** The records follows **
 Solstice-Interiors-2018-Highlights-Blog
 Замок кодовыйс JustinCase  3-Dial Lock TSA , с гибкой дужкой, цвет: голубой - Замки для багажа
** End of The records **
** The records follows **
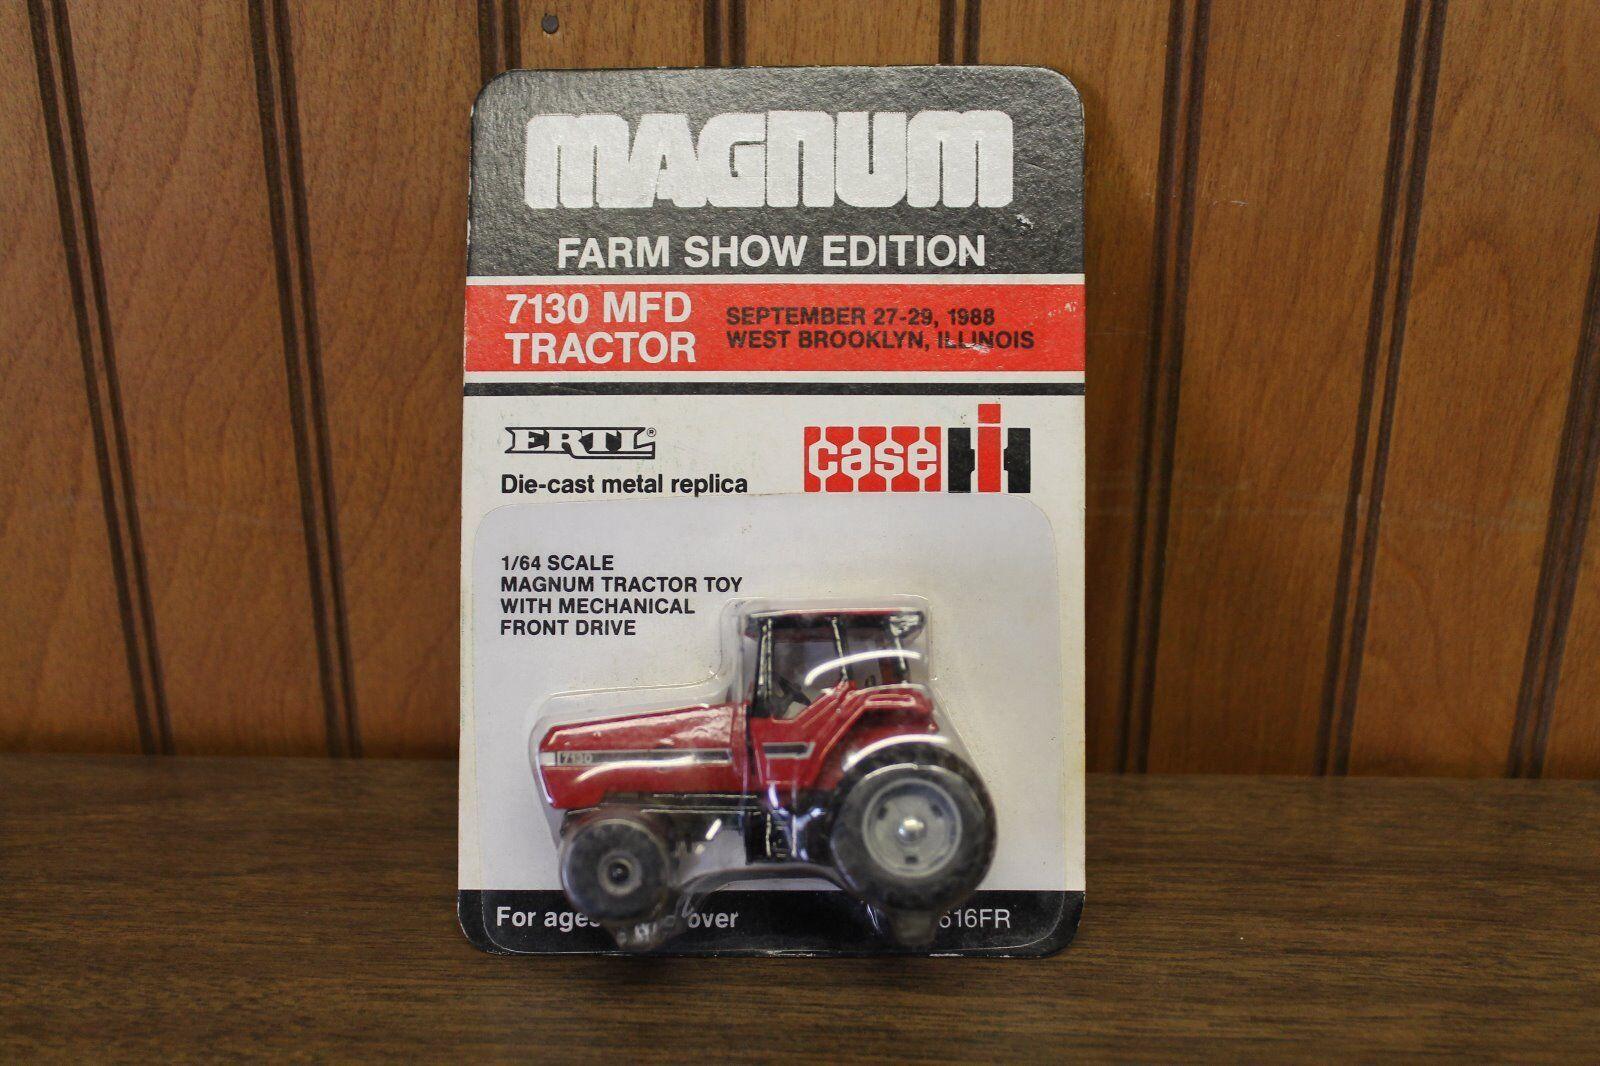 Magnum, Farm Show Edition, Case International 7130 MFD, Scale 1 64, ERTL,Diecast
** End of The records **
Taking the line with "Solstice-Interiors-2018-Highlights-Blog" as the first and the line with "Замок кодовыйс JustinCase" as the last, retype that stretch of the data above exactly, with no other lines.

# Solved exercise
 Solstice-Interiors-2018-Highlights-Blog
 Замок кодовыйс JustinCase  3-Dial Lock TSA , с гибкой дужкой, цвет: голубой - Замки для багажа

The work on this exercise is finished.